§ **TASK TO CARRY OUT**
With the pictures removed, write out the data below exactly.

§ **SUPPLIED INFORMATION**
----------------
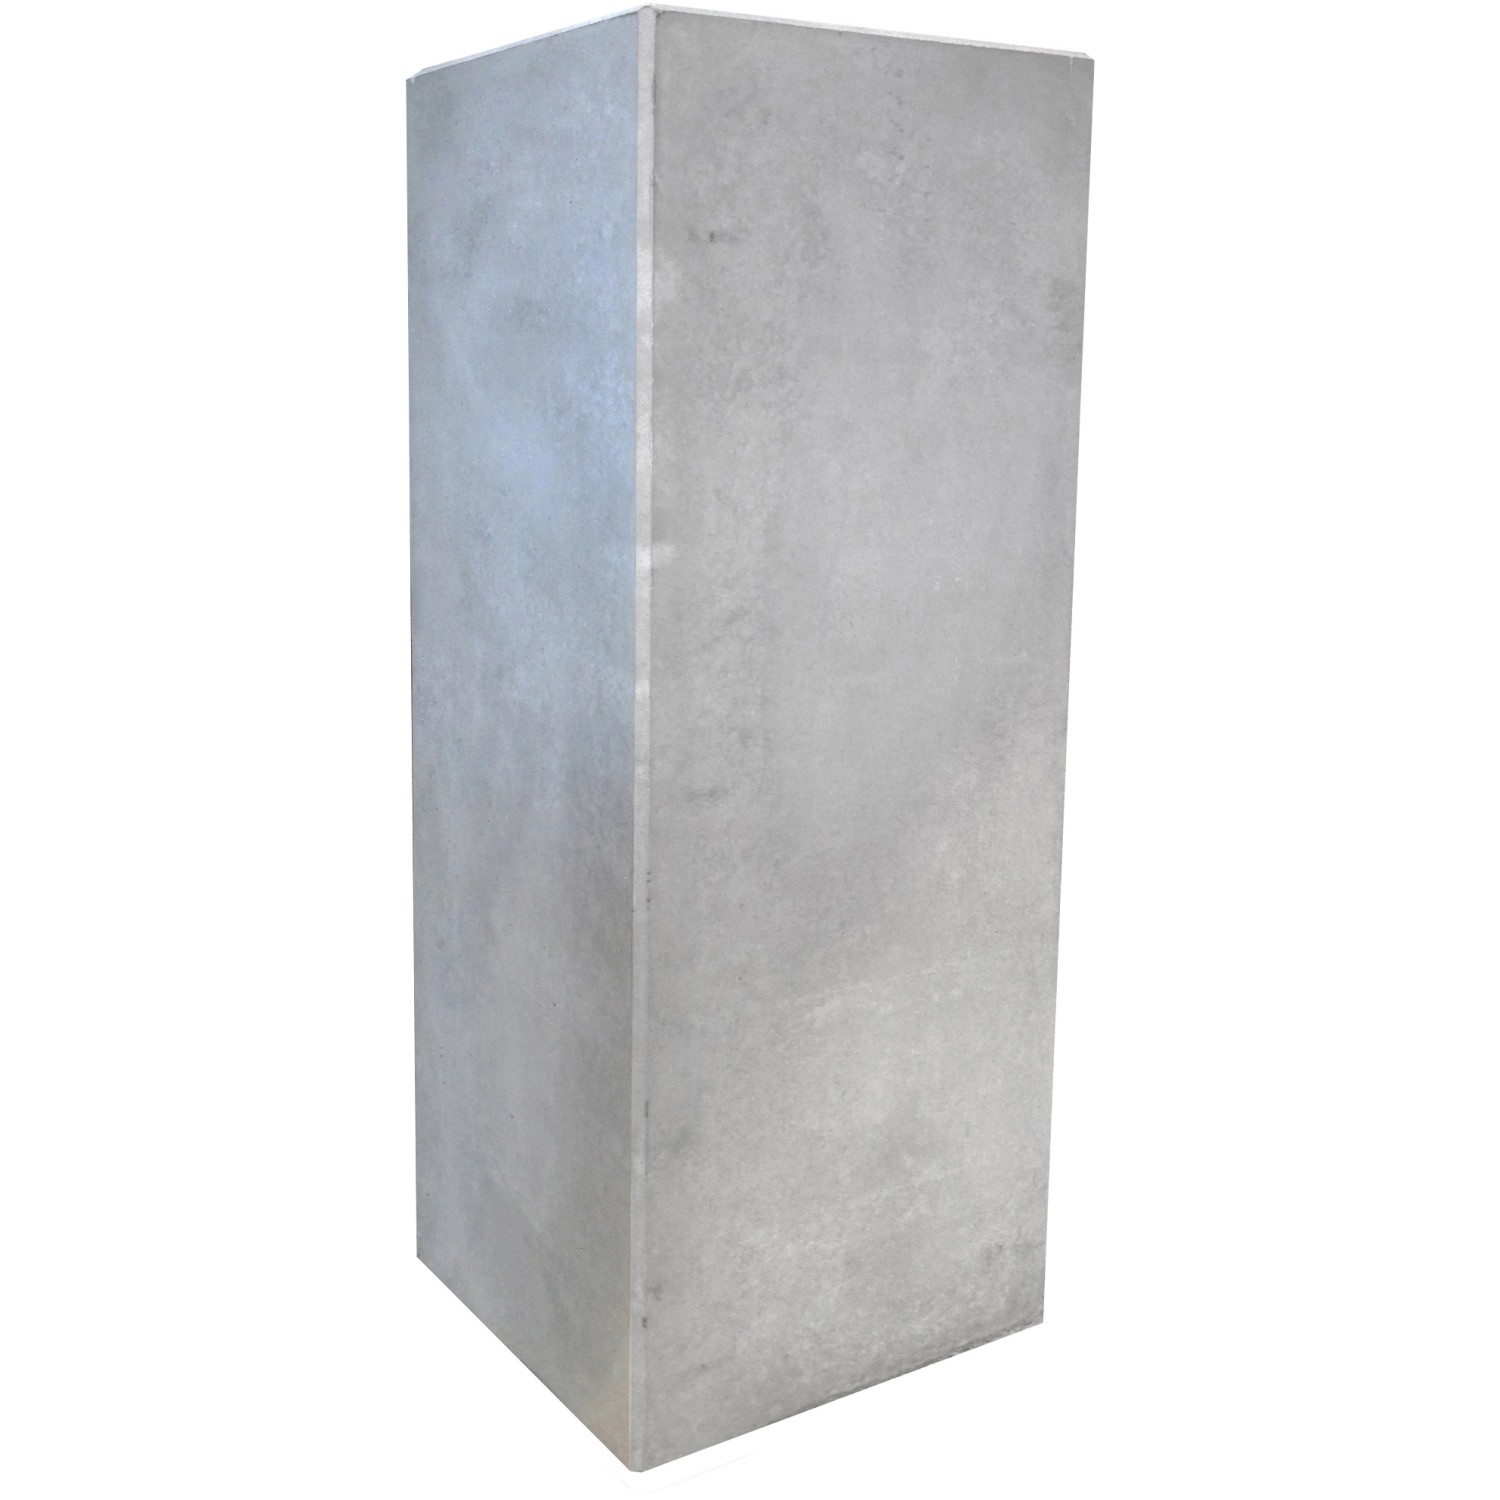 Mauerscheiben-Ecke Bewehrt Betonglatt Grau 130 cm x 50 cm x 50 cm von Kann
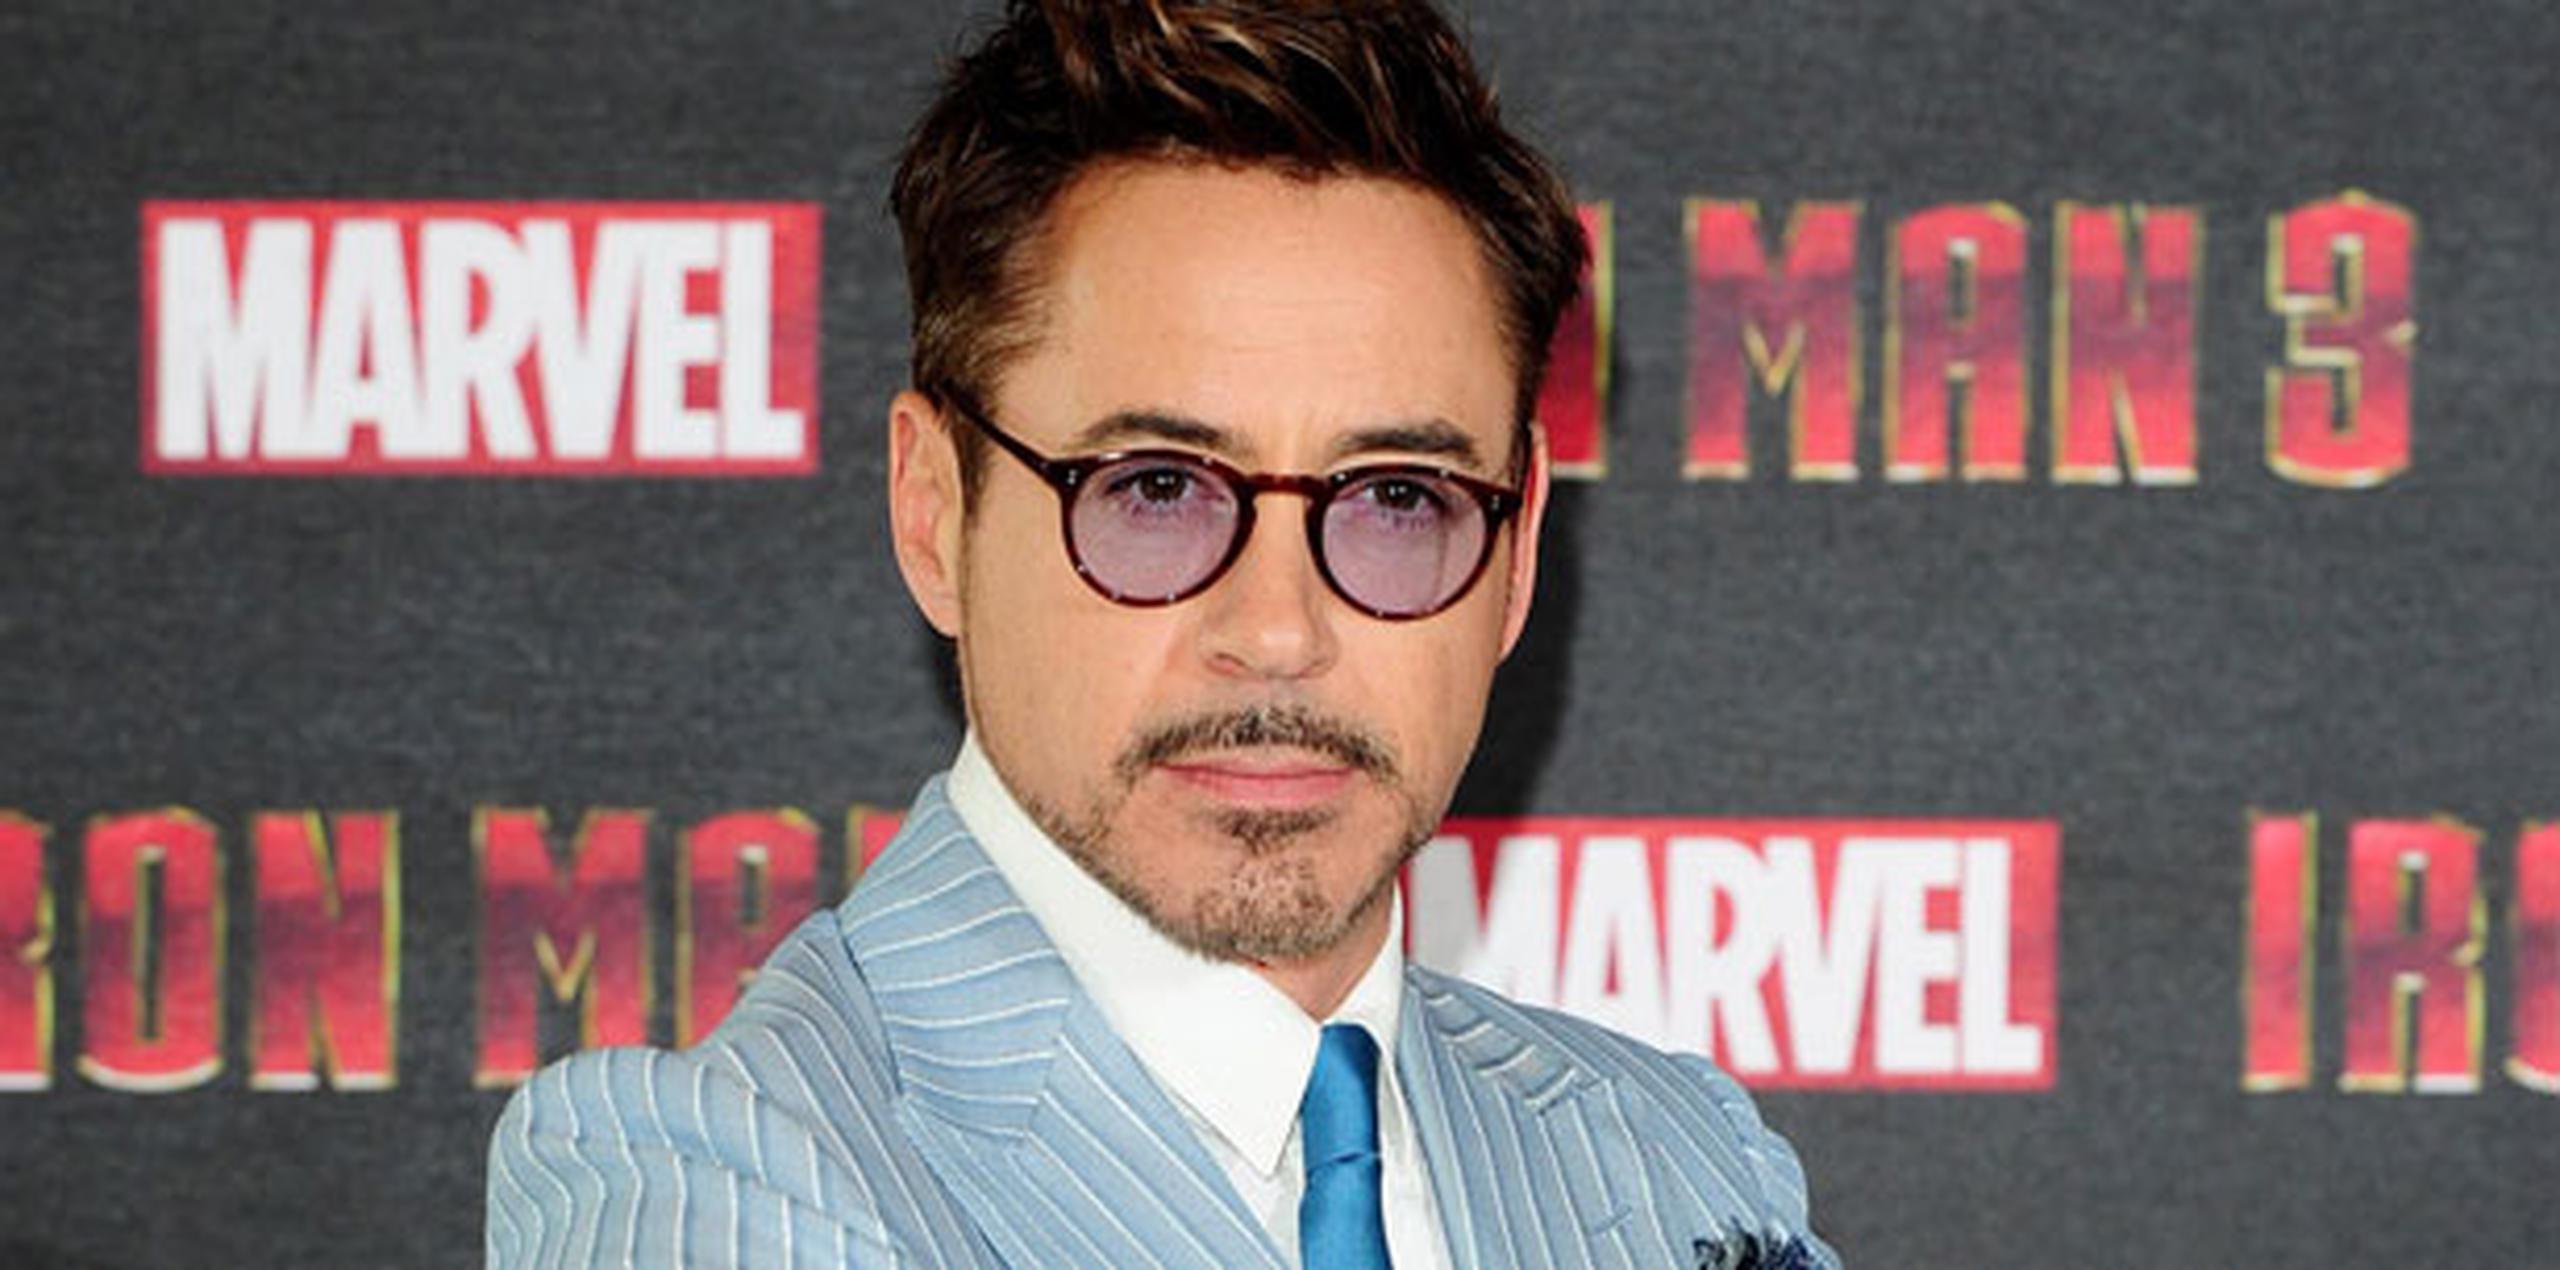 Se trata del primer papel en años de Downey Jr. más allá del universo cinematográfico de Marvel, en el que interpreta al personaje de Iron Man en las diferentes películas interconectadas de esta saga. (Archivo)
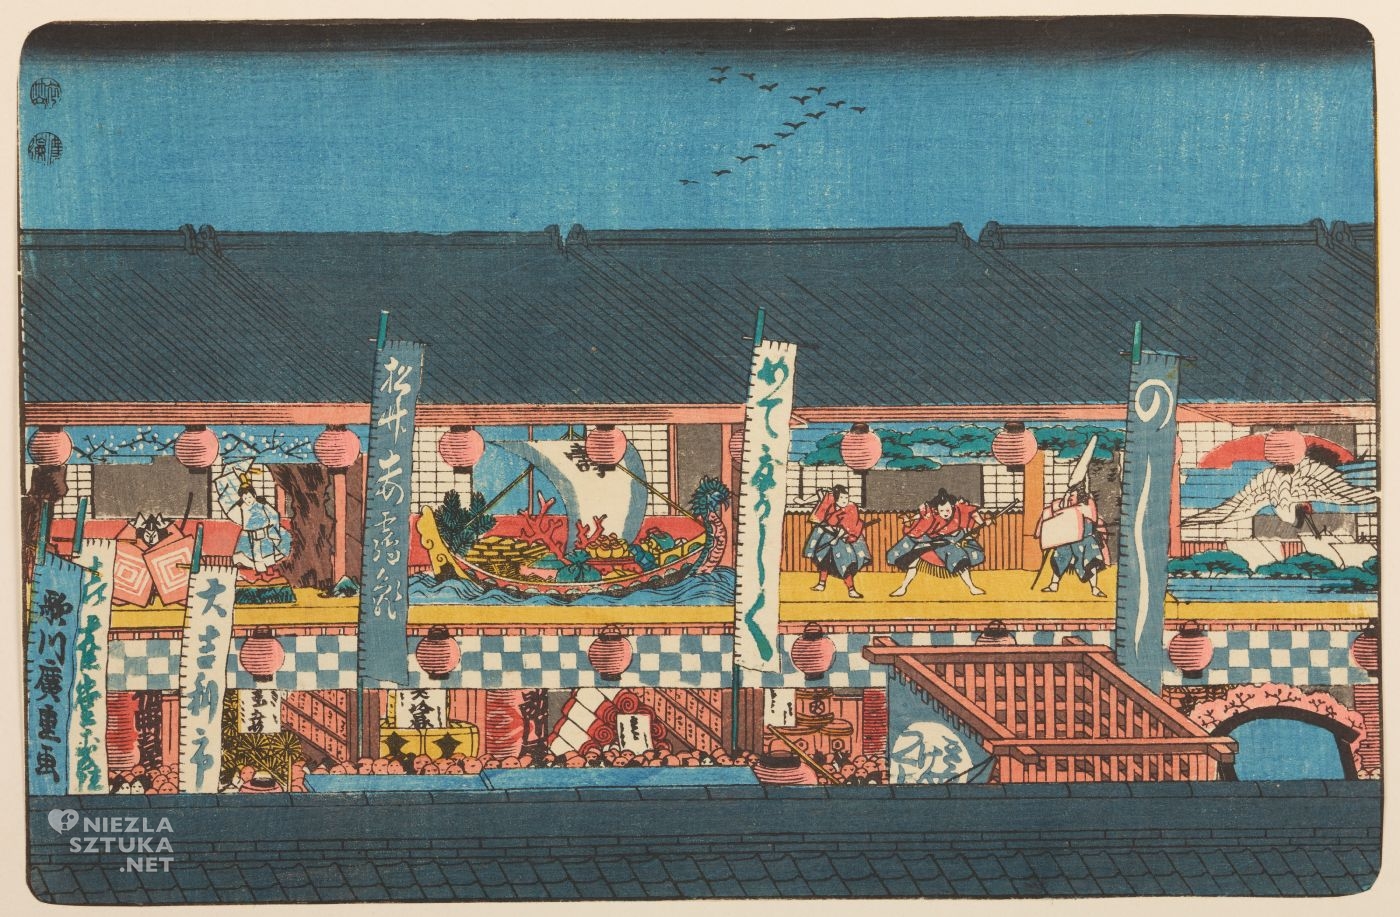 Utagawa Hiroshige, Wąska uliczka w nocy, Edo, grafika artystyczna, drzeworyt, sztuka, sztuka japońska, ukiyo-e, drzeworyty japońskie, niezła sztuka
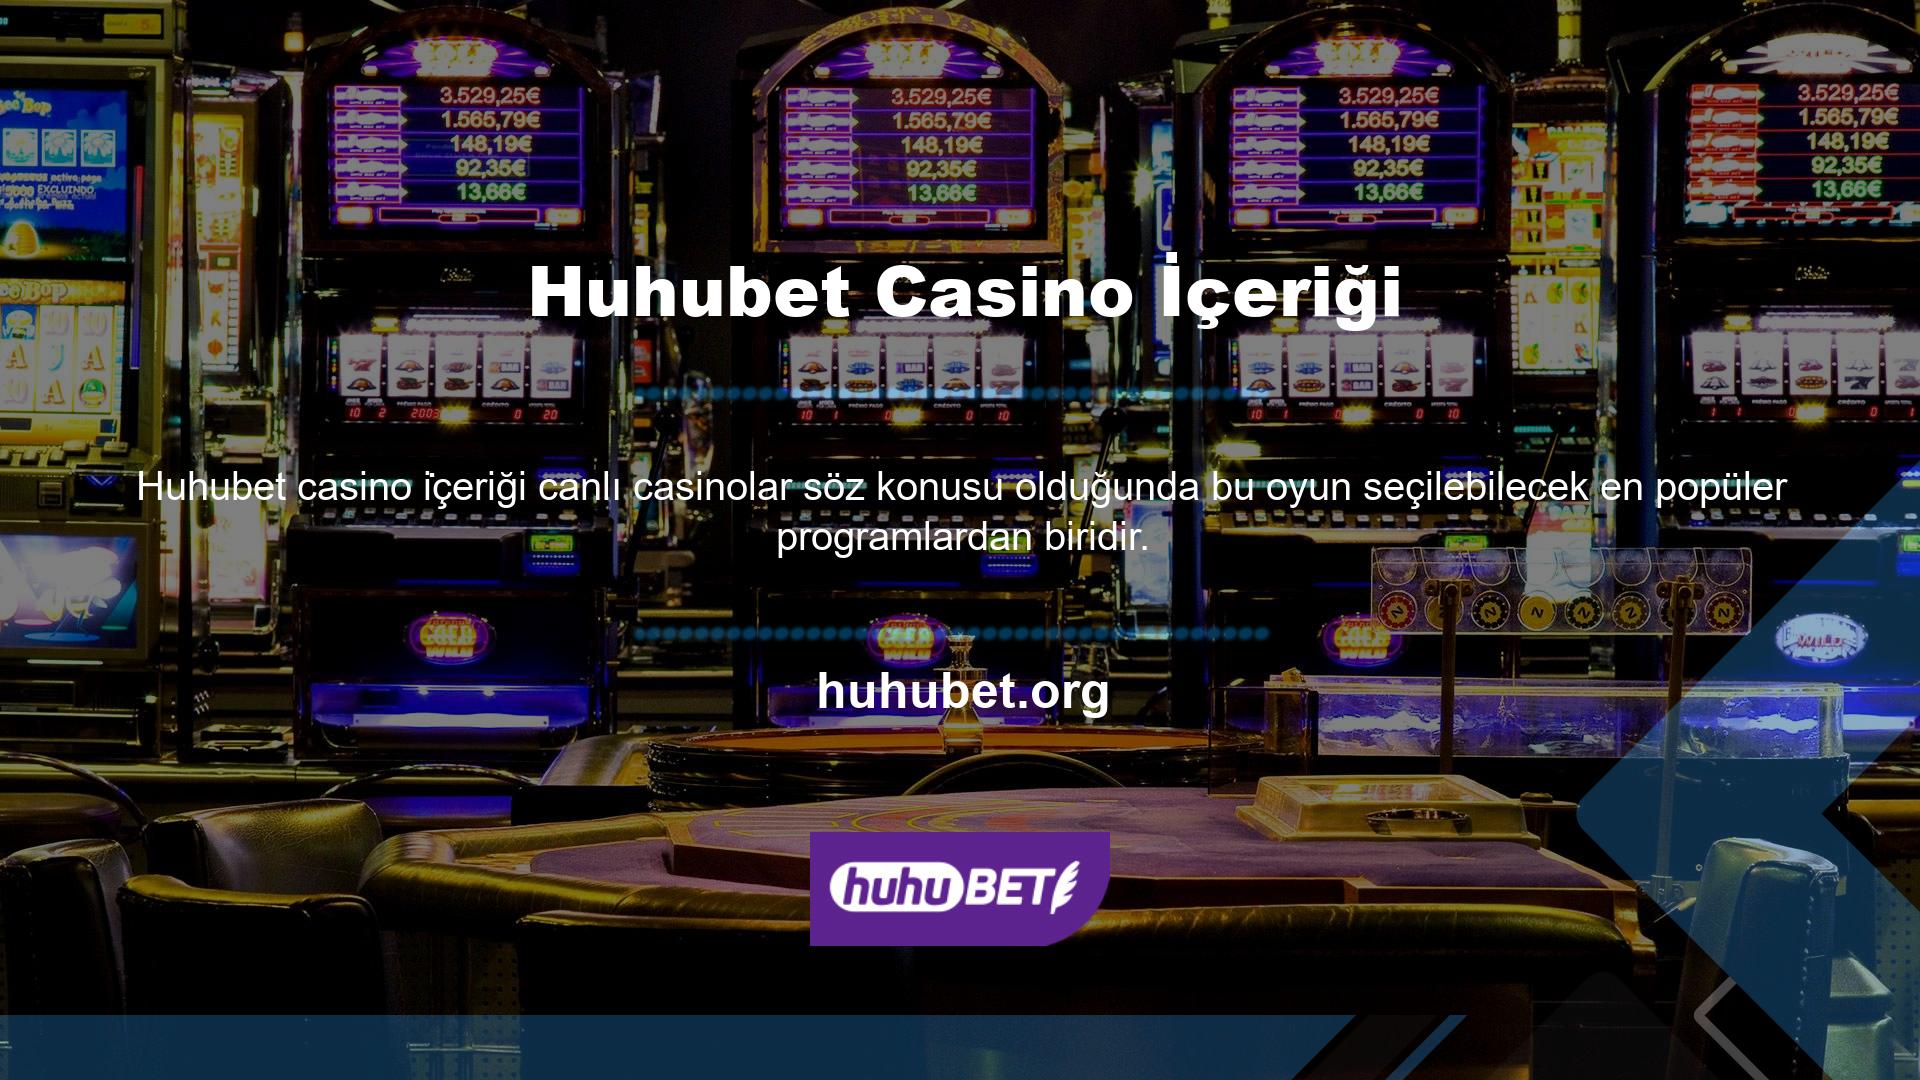 Bu, üyelerin Huhubet Casino'nun bahis içeriğine ilişkin canlı oranlara istedikleri zaman erişmelerine olanak tanır
----------------
§ **TASK RESPONSE**
 Mauerscheiben-Ecke Bewehrt Betonglatt Grau 130 cm x 50 cm x 50 cm von Kann
 Se trata del primer papel en años de Downey Jr. más allá del universo cinematográfico de Marvel, en el que interpreta al personaje de Iron Man en las diferentes películas interconectadas de esta saga. (Archivo)
 Utagawa Hiroshige, Wąska uliczka w nocy, Edo, grafika artystyczna, drzeworyt, sztuka, sztuka japońska, ukiyo-e, drzeworyty japońskie, niezła sztuka
 Bu, üyelerin Huhubet Casino'nun bahis içeriğine ilişkin canlı oranlara istedikleri zaman erişmelerine olanak tanır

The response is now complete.